Dorcopsoides cowpatensis is the third ancient member of the dorcopsin group found in Australia dating to the late Miocene and early Pleistocene (5.3 million to 11,700 years ago).

A modern white-striped dorcopsis in a zoo in Belgium. Credit: Melvin TOULLEC via Wikimedia Commons (CC BY-SA 4.0).

Modern forest wallabies are mysterious animals. Their diet and habitat remain uncertain.

“Living forest wallabies are cute and peculiar, with slightly sad, whippet-like faces,” says co-author Gavin Prideaux, also from Flinders. “Their strong, curved tails are used like a fifth limb during slow movement, much like in grey kangaroos, except that the tail arches so only the very tip touches the ground.”

The team is hopeful that further research of ancient and living wallabies will shed more light on the connections between New Guinea and Australia and also help science understand modern forest wallabies.
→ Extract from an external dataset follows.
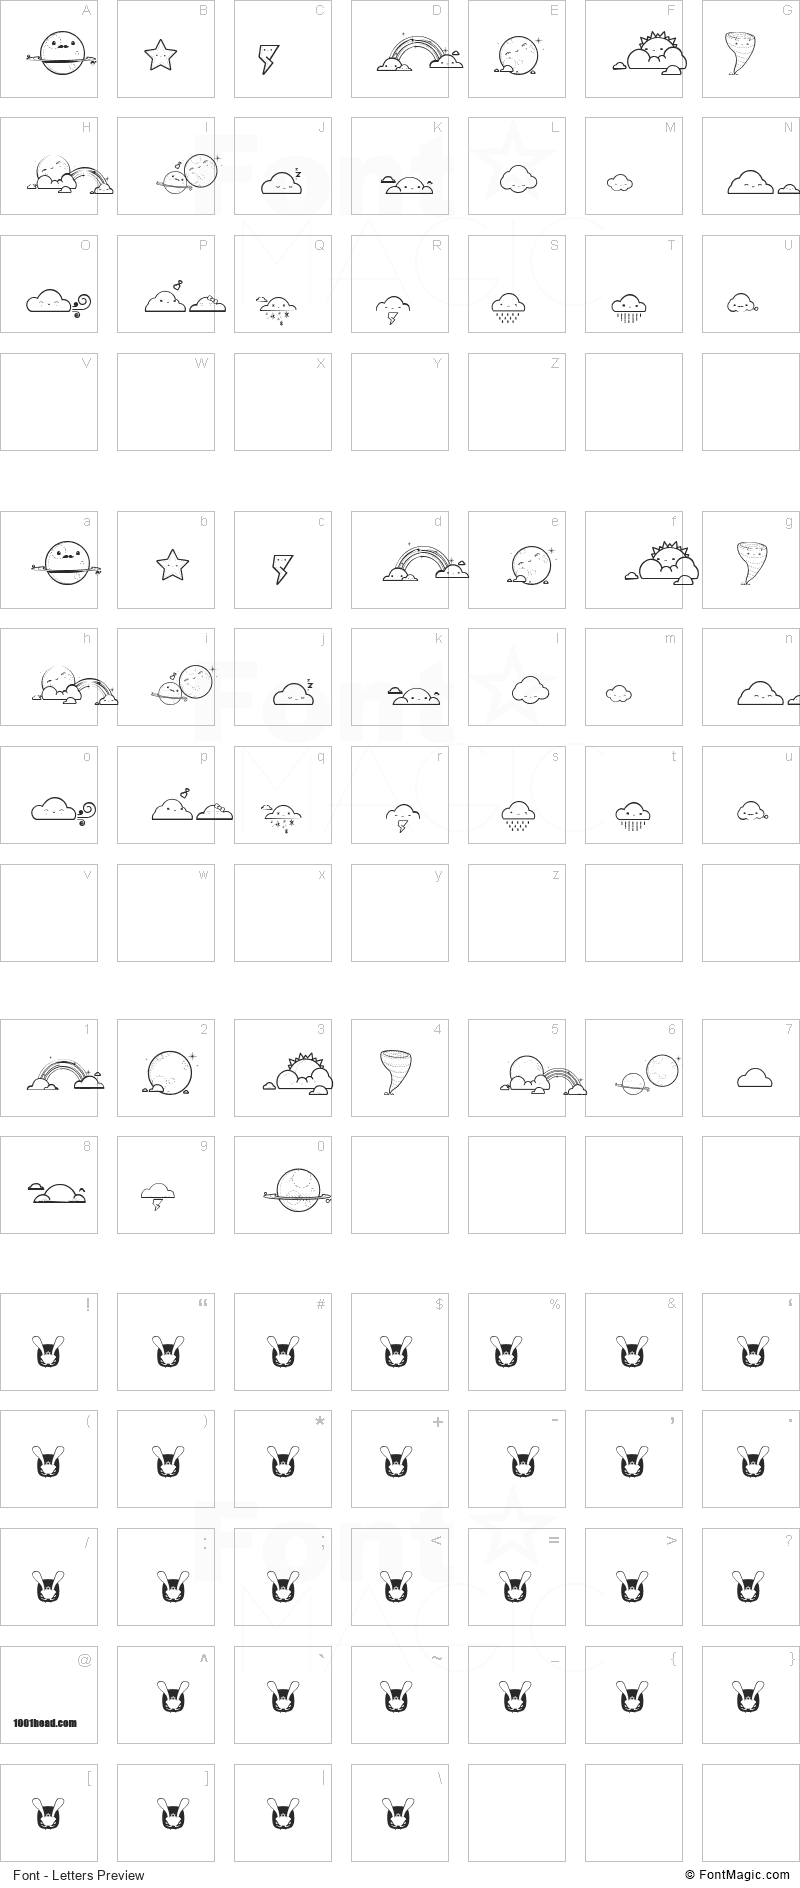 Toy Cloud Font - All Latters Preview Chart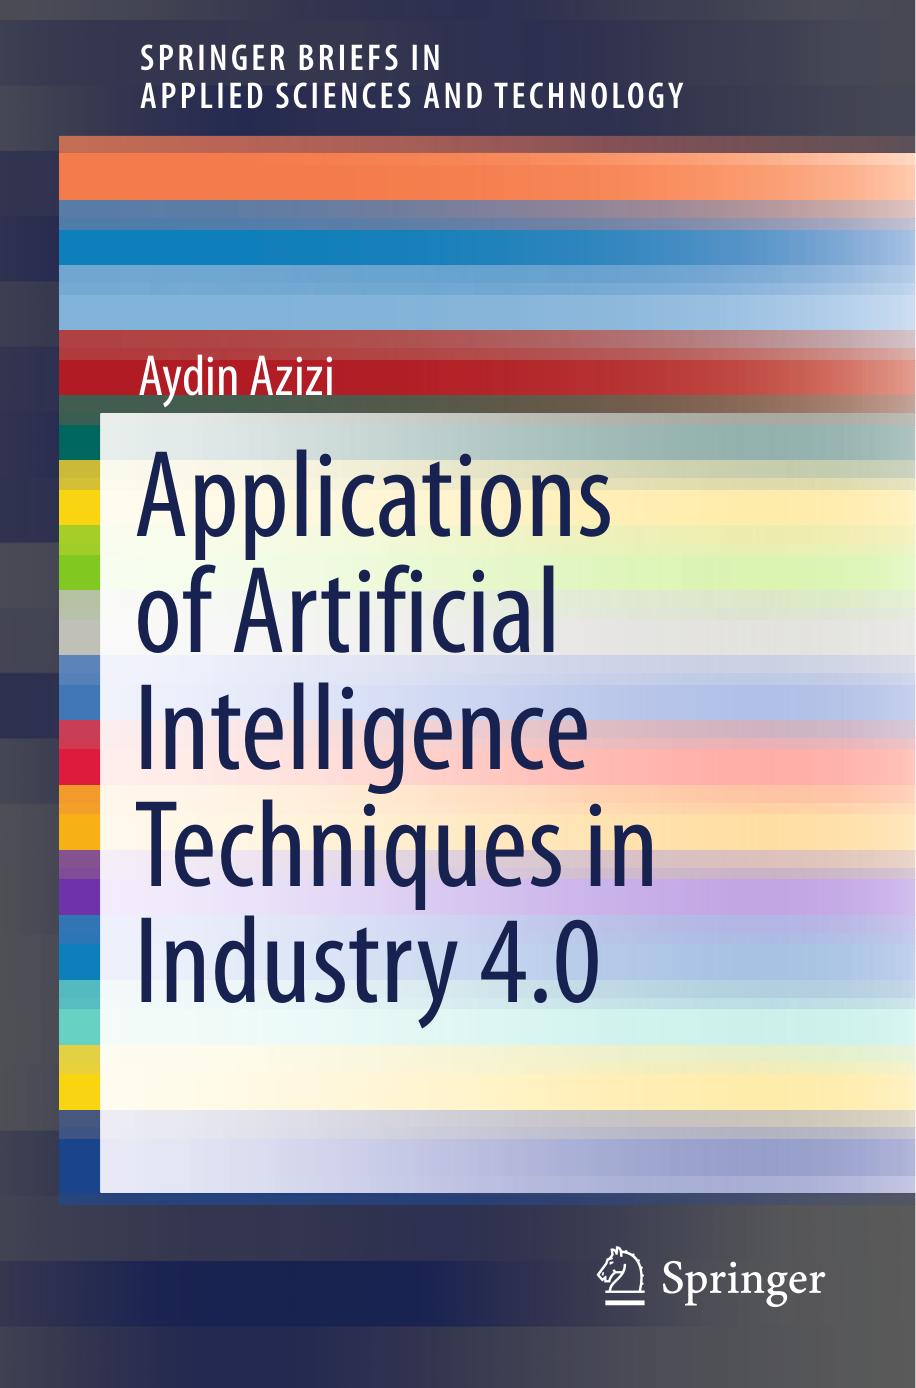 Applications of Artificial Intelligence Techniques in Industry 4.0 by Aydin Azizi

 “Our research has taken us to Papua New Guinea (PNG) twice now and mid-last year we spent weeks digging out marsupial fossils along cliffs over the Watut River in eastern PNG,” says Kerr. “The university staff and local miners and villagers were immensely warm and friendly and helpful to us.

Flinders University palaeontologists, including Dr Isaac Kerr, front, are researching kangaroo fossils in Papua New Guinea. Credit: Flinders University.

“The experience demonstrated to me just how much our 2 nations have in common in the present day as much as in the prehistoric past.”